L'Argent, Emile Zola

Publié le par Le Colibri

L'Argent, Emile Zola

Histoire

On retrouve Saccard après La Curée : il est ruiné, a vendu son hôtel luxueux et prestigieux, et est renié de presque tous à la Bourse. Mais il n’a pas dit son dernier mot et veut la reconquérir.

Il s’associe alors avec Hamelin, ingénieur qui rêve de développé des entreprises en Orient pour créer la Banque Universelle.

Son énergie et ses magouilles font monter le cours des actions de cette banque au-delà de toute mesure ; malgré les inquiétudes de Mme Caroline, sage sœur d’Hamelin, qui s’est épris de lui.

Gundermann, banquier juif concurrent dont la réserve d’argent atteint le milliard, sait que de telles actions ne peuvent que redescendre : en jouant la baisse, il arrivera à faire crouler l’édifice plus que fragile de Saccard.
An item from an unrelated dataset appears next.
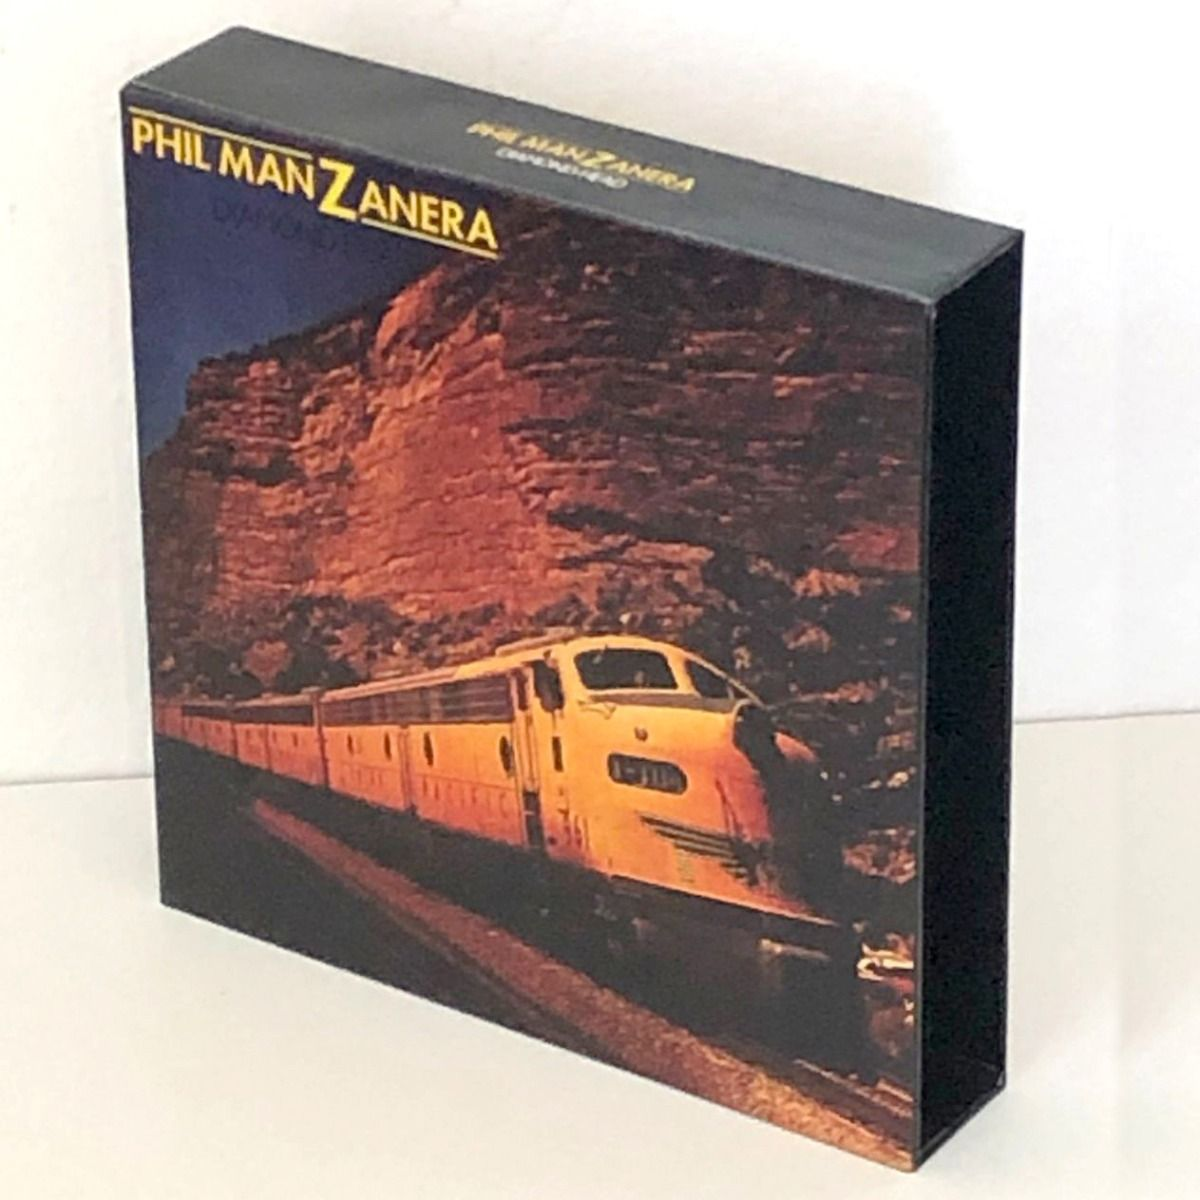 PHIL MANZANERA Promo Box

De plus, le ministre Rougon, souhaitent se débarrasser d’un frère aussi gênant, le laisse emprisonné par le ministre de la Justice Delcambre qui se venge par là d’une rancune personnelle. Hamelin sera lui aussi emprisonné : mais Rougon permettra aux deux associés d’organiser leur fuite à l’étranger, étant ainsi libéré de Saccard sans avoir le poids d’un frère en prison.

Mon avis

Ce n’est pas la première fois que je lis ce dix-huitième tome des Rougon-Macquart : il m’avait « traumatisé » lorsque je l’avais étudié en prépa. Malgré cela, je me dis qu’il n’était pas si mal, puisque plus de 5 ans après je m’en souviens plutôt bien ! Mais c’est peut-être dû au fait de l’avoir étudié et non simplement lu.
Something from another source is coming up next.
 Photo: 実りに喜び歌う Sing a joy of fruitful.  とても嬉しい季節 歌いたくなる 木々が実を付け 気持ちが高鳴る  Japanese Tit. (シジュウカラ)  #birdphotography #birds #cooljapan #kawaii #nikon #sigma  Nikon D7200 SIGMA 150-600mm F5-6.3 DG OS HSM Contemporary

Donc si vous voulez apprendre quelque chose du monde de l’argent et du fonctionnement de la Bourse, je vous conseille ce livre ! Mollement… car il y aura beaucoup de vocabulaire à rechercher, et même la préface le précise : « L’Argent […] est […] largement illisible pour le lecteur moyen. »

De plus, la Bourse apparait un peu comme les entreprises créées par la Banque Universelle : floue et lointaine. Plus proche de nous, la spéculation m’apparait un peu comme un jeu de hasard (la Française des Jeux de l’époque) ; où l’on parie sur la baisse ou sur la hausse des actions, avec la certitude d’une perte globale puisqu’il faut payer l’organisme, et de faibles chances de gros gains.

Cet univers de l’argent ne m’a pas vraiment intéressé : j’ai même arrêté la lecture plusieurs jours sans manque.

Les personnages étaient plus attachants, particulièrement celui, plus doux, de Mme Caroline. Juste et humaine par les sentiments qu’elle éprouve, on regarde Saccard par ses yeux, avec un avis mitigé : il est à la fois bannissable pour ses erreurs et sa manipulation, et impressionnant par sa foi, sa vigueur et ses bonnes intentions !

Même au-delà de la vision de Mme Caroline, l’histoire ne se présente pas de manière dichotomique : Saccard a ses bons côtés, avec l’Œuvre du Travail, et ses mauvais côtés ; comme presque chacun des personnages.

Malheureusement, les femmes sont encore « abaissées » : même la solide Mme Caroline est une faible femme, face à l’énergie de Saccard, auquel elle donne son cœur, son argent, jusqu’à son honnêteté.

Bref, il est des livres qu’on étudie en classe.